The doc writer agent produces migration notes and a dashboard runbook. The performance tuner agent rewrites a hot path in the aggregation job to hit the latency target.
The supervisor runs the interactive eval harness that simulates spikes, refund cascades, and a warehouse network partition. Guardrails flag an attempted call to an unapproved endpoint. The agent is retried with an allowlisted connector.
The change ships behind a flag to five percent of customers. The supervisor watches cost per change and guardrail hit rate. All green. Full rollout proceeds.

The code matters, but the durable assets are the spec, the eval harness, the guardrails, and the trace. Those can be reused and improved for the next feature.

What to do in the next 90 days

If supervision is becoming the job, use a staged plan.

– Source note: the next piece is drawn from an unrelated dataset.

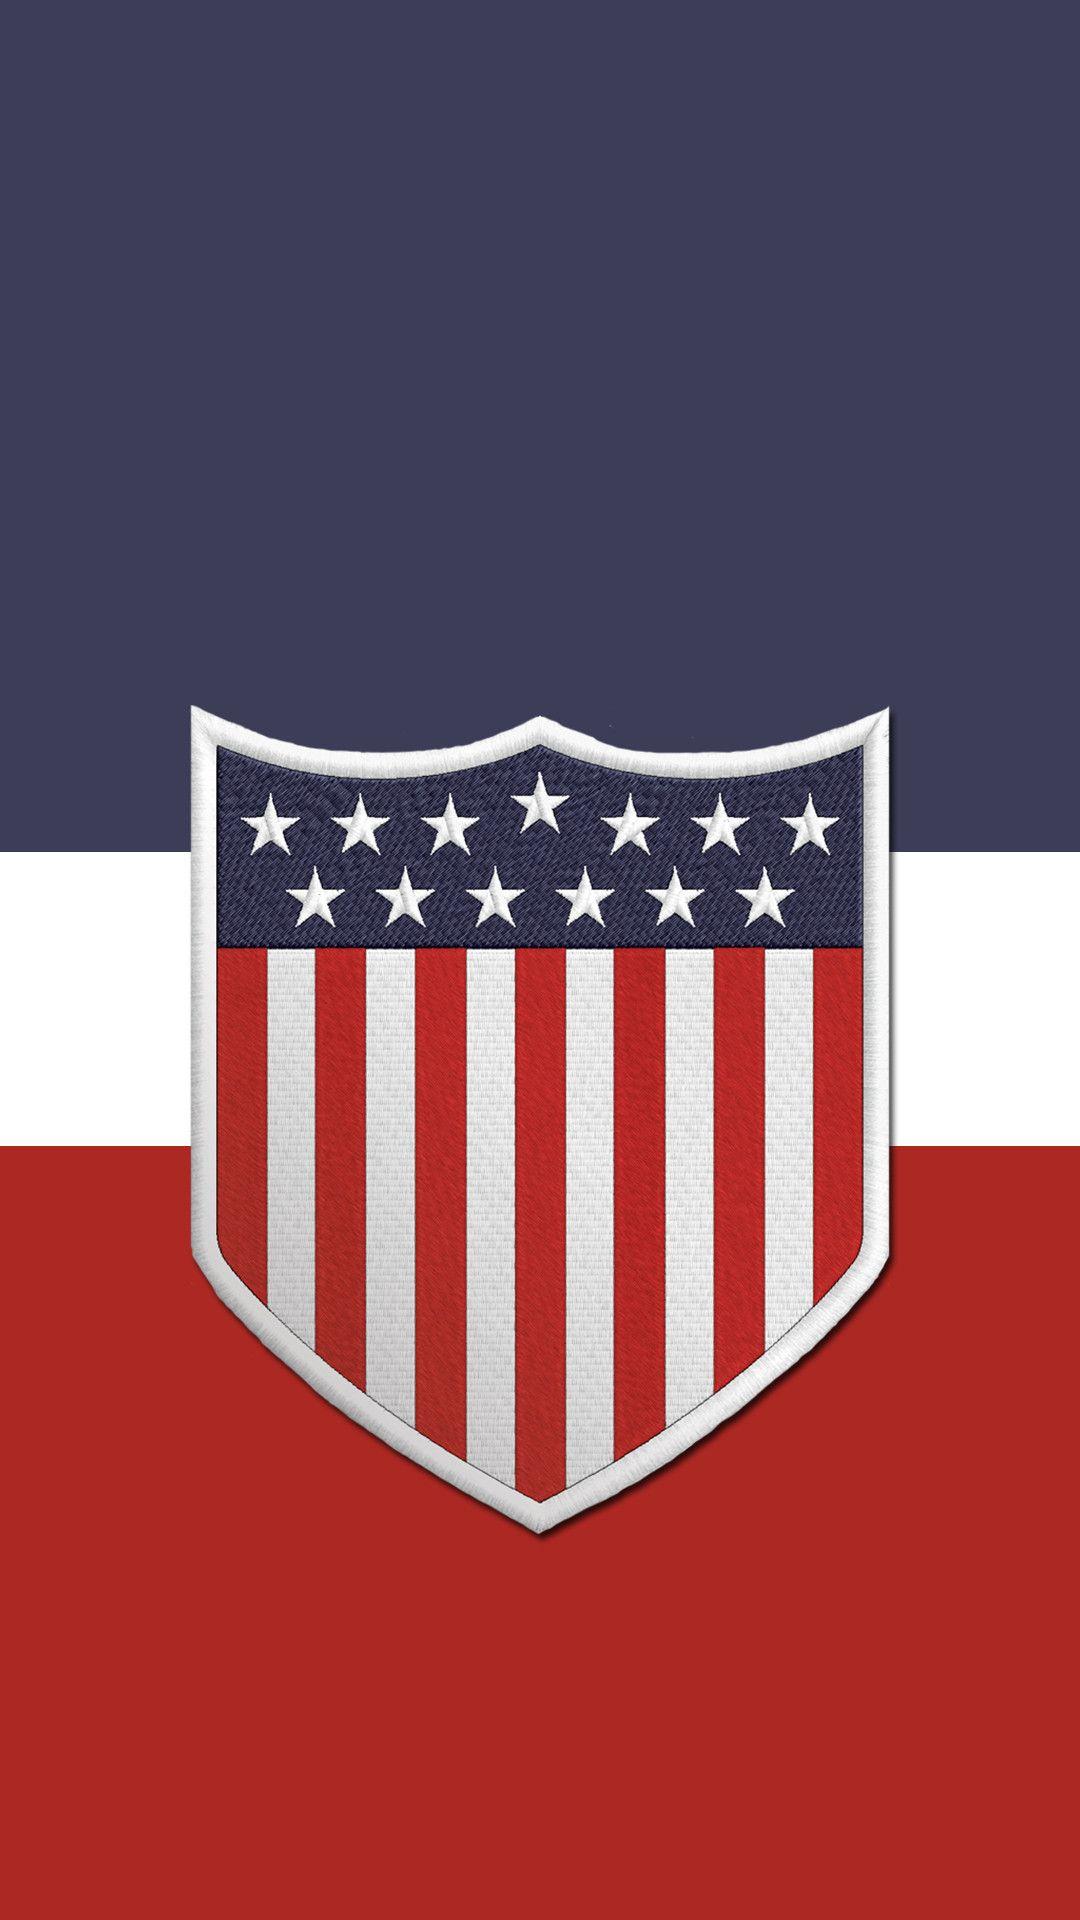 Another US soccer phone wallpaper. Centennial crest this time

Days 0 to 30: set the foundation

Select two repeatable and low risk workflows to automate: documentation updates and refactors on a noncritical service
Create a spec template and require it for every agent task. Include evaluation plans and compute budgets
Stand up a minimal eval harness with traces and a judge process. Add two guardrails: secret detection and network allowlists
Define a model org chart for your team. Start with implementer, reviewer, and test writer

Days 31 to 60: formalize supervision

Set basic KPIs: time to green, edit ratio, cost per change
Run weekly reviews of guardrail hits and postmortems. Classify failures by spec, supervision, or model
Teach a two hour supervision class that covers spec writing, trace reading, and budget tuning. Make it required for code owners

Days 61 to 90: scale prudently

Introduce performance tuner and doc writer agent roles. Extend guardrails to include content policy and model version allowlists
Expand interactive evals to include perturbations such as timeouts and partial tool failures
Start cost forecasting by mapping compute budgets to planned work. Report cost per change jointly to engineering and finance leaders

The slight accelerationist thesis

It is tempting to wait because the tools change quickly. Waiting is the wrong move. The path is not to replace engineers. The path is to professionalize supervision. Treat models as first class contributors with specs, guardrails, evals, and KPIs. Put a compute budget next to every feature. Give supervisors the same respect and training that a great staff engineer receives.

Teams that keep coding in the artisanal style will still ship, but their velocity will stall where humans become the bottleneck for rote work, where guardrails remain ad hoc, and where evals are a unit test suite pretending to be a safety net. Teams that move supervision to the foreground will outlearn and outdeliver them.

A closing picture

In mid October 2025, the conversation changed because two threads converged. An AI lab said aloud that many of its teams already live in this future. A major platform vendor shipped a toolchain that expects you to live there too. If your organization builds software, the real choice is whether you will design your supervision system on purpose or let it emerge by accident. One path yields speed with control. The other yields surprises.

The Supervisor Era rewards teams that make hidden work visible and subjective decisions measurable. It turns specs into the currency of progress and compute budgets into the language of planning. If you want an advantage, start acting like a supervisor and teach your team to do the same. The code will follow.